Welcome to Text-to-SQL LLM App – a revolutionary web application that transforms plain English questions into SQL queries, leveraging the power of Google’s Gemini model. Forget the days of manually writing SQL queries; simply ask questions, and let the AI do the work!
This project is the perfect example of how Generative AI can seamlessly integrate with databases, enabling anyone to interact with data without needing to know SQL. Whether you’re a beginner or a seasoned developer, this app makes querying databases as simple as asking a question.
1.Launch the app by running streamlit run app.py in the terminal and open it in your browser.
2.Ask a question in natural language, like “How many students are in Data Science class?”.
3.Show the generated SQL query and the response fetched from the database directly on the app interface.
• Ask Anything, Get SQL: Ask natural language questions like “How many students are in the Data Science class?” and get SQL queries instantly.
• AI-Powered: Powered by Google Gemini, a cutting-edge Generative AI model that understands your questions and generates SQL queries.
• User-Friendly Interface: Built with Streamlit, offering an intuitive and clean interface for smooth interaction.
• SQLite Backend: All data is stored in an SQLite database, ensuring fast, reliable query results.
• Adaptable to Any Database: Customize the database schema for any use case and seamlessly interact with it via plain English.
• Frontend: Built with Streamlit for an interactive web interface.
• Backend: Python with SQLite to handle database operations.
• Generative AI: Powered by Google Gemini for intelligent query generation.
• Environment Management: Manage dependencies with virtualenv and pip.
• Version Control: Managed with Git and hosted on GitHub.
Ready to bring the magic to your local machine? Here’s how you can set up the project in no time:
1. Clone the repository:
git clone https://github.com/mohanganesh3/Text_To_SQL_LLM_App.git
cd Text_To_SQL_LLM_App
2. Set up your virtual environment:
python3 -m venv venv
source venv/bin/activate # On Windows use 'venv\Scripts\activate'
3. Install the dependencies:
pip install -r requirements.txt
4. Set up the environment variables:
Create a .env file in the root directory and add your Google API Key:
GOOGLE_API_KEY=your_google_api_key_here
5. Run the app:
streamlit run app.py
Boom!
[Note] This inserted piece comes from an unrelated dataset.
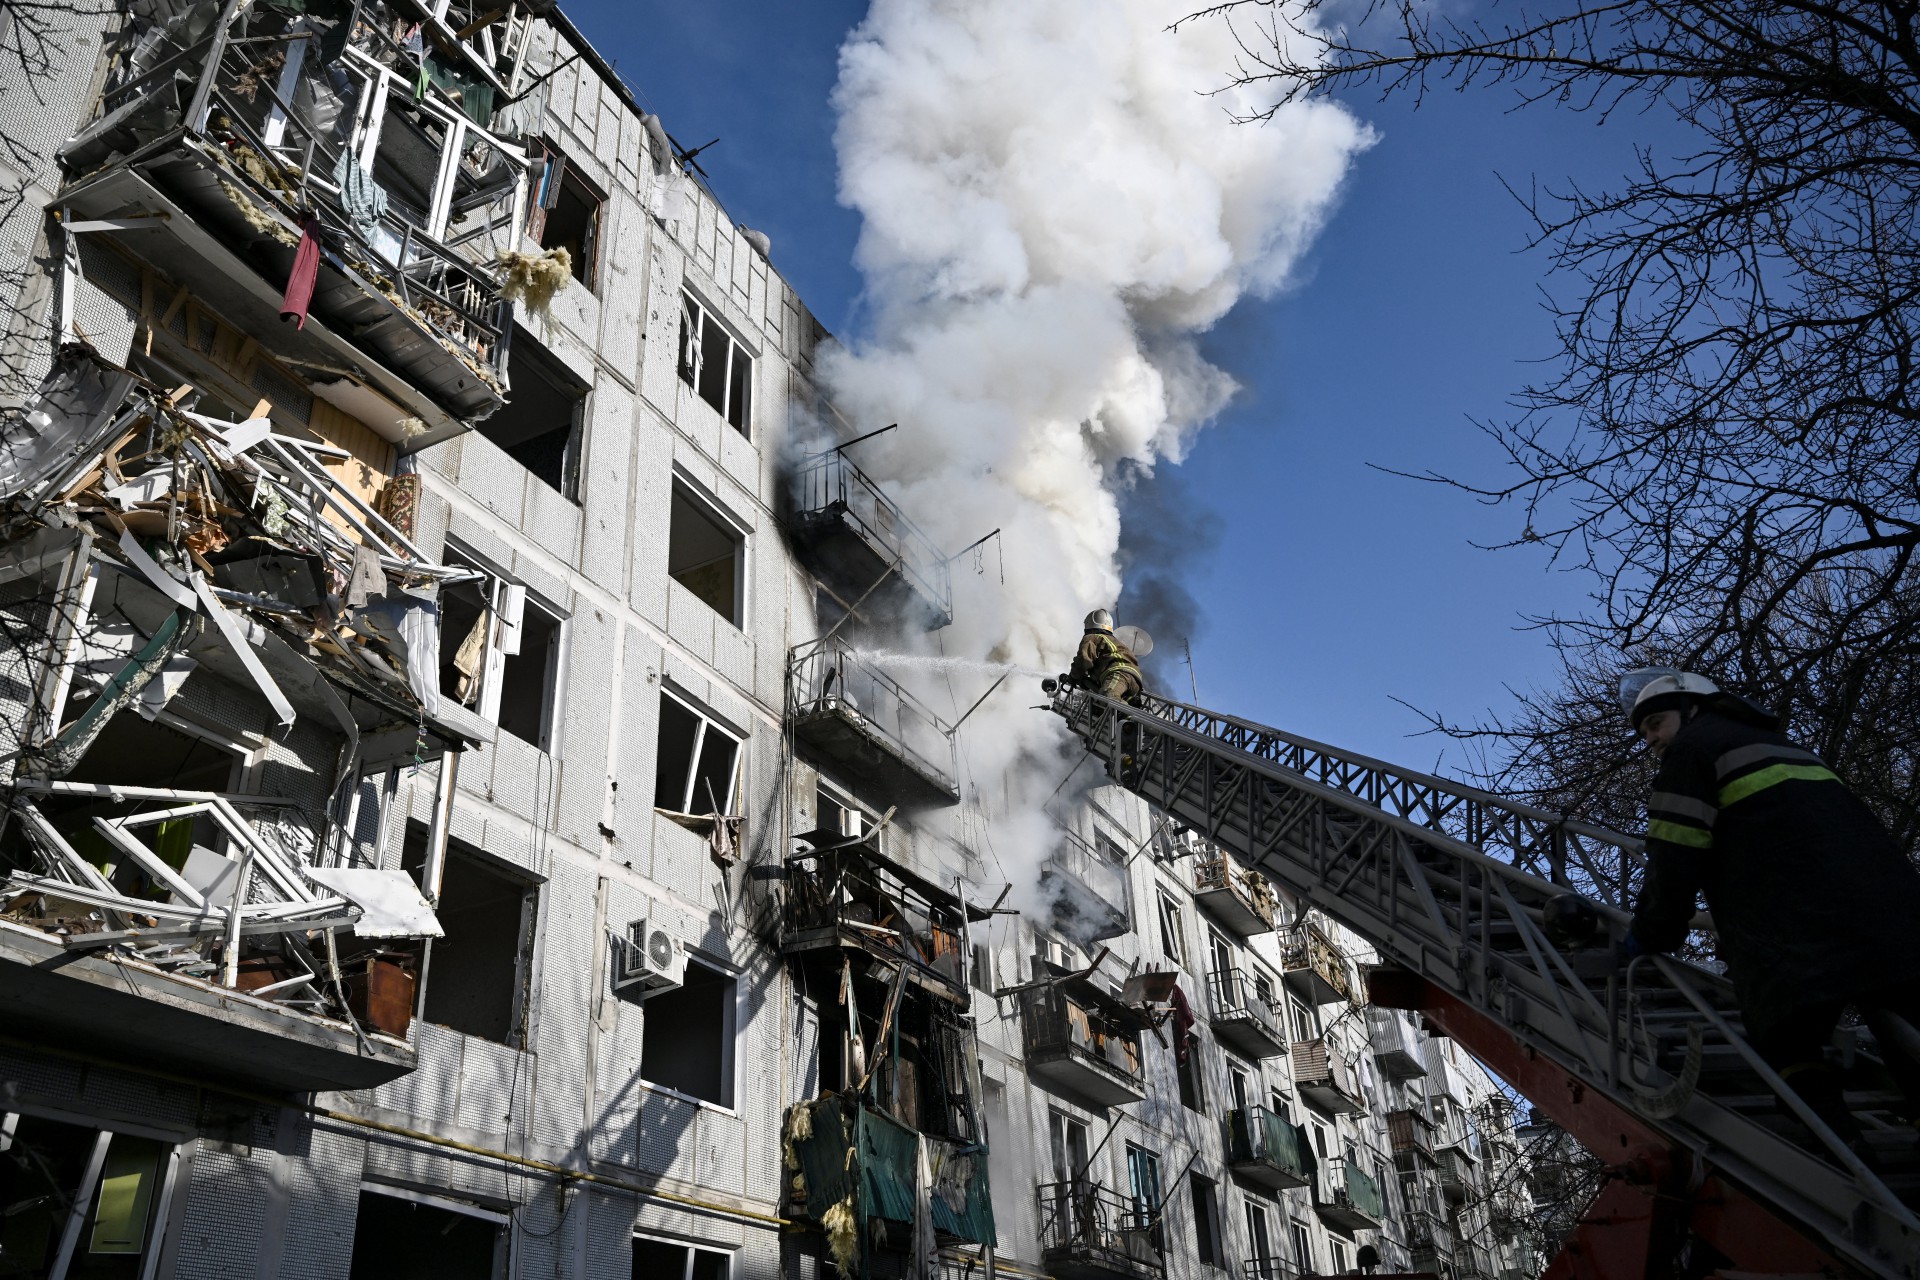 Bombeiros trabalham em um incêndio em um prédio após bombardeios na cidade de Chuguiv, no leste da Ucrânia, em 24 de fevereiro de 2022, enquanto as forças armadas russas tentam invadir a Ucrânia de várias direções.

The app is live and ready for you to interact with.
1. Natural Language Processing (NLP): You type in any SQL-related question, and the app uses Google Gemini to understand the intent.
2. SQL Query Generation: Based on your question, the app generates an appropriate SQL query, such as SELECT, INSERT, UPDATE, etc.
3. Database Interaction: The query is executed on an SQLite database, and the results are displayed back to you instantly.
For example, you could ask:
• “How many students are in the Data Science class?” – The app will generate SELECT COUNT(*) FROM STUDENT WHERE CLASS='Data Science';
• “List all students in section A” – The app will generate SELECT * FROM STUDENT WHERE SECTION='A';
Here are a few things you can do with this app:
• Database Exploration: Ask questions about the contents of the database, like “Who scored more than 80 marks?” or “What is the average marks of students in Data Science?”
• Data Insertion: Ask the app to add new records, like “Insert a student named John into the Data Science class with 75 marks.”
• Data Analysis: Ask more complex questions, such as “Which class has the highest average marks?”
Here’s how the project is organized:
Text_To_SQL_LLM_App/
│
├── app.py # Main Streamlit app file
├── requirements.txt # Project dependencies
├── .env # Environment variables (e.g., Google API key)
├── README.md # Project documentation
└── database/
└── student.db # SQLite database file with sample data
We’d love for you to contribute to this project! Whether it’s a bug fix, feature request, or documentation improvement, your help is always welcome.
To contribute:
1. Fork the repository.
2. Create a new branch (git checkout -b feature-name).
3. Make your changes.
4. Commit your changes (git commit -m 'Add new feature').
5. Push your branch (git push origin feature-name).
6. Open a Pull Request.
This project is a great showcase of how Generative AI can simplify database interactions. Whether you’re a beginner exploring AI, a developer looking to integrate AI into your workflow, or an interviewer looking for innovative solutions, this app demonstrates the potential of AI-powered query generation in real-world applications.
So, go ahead, ask your question, and let the app handle the SQL for you!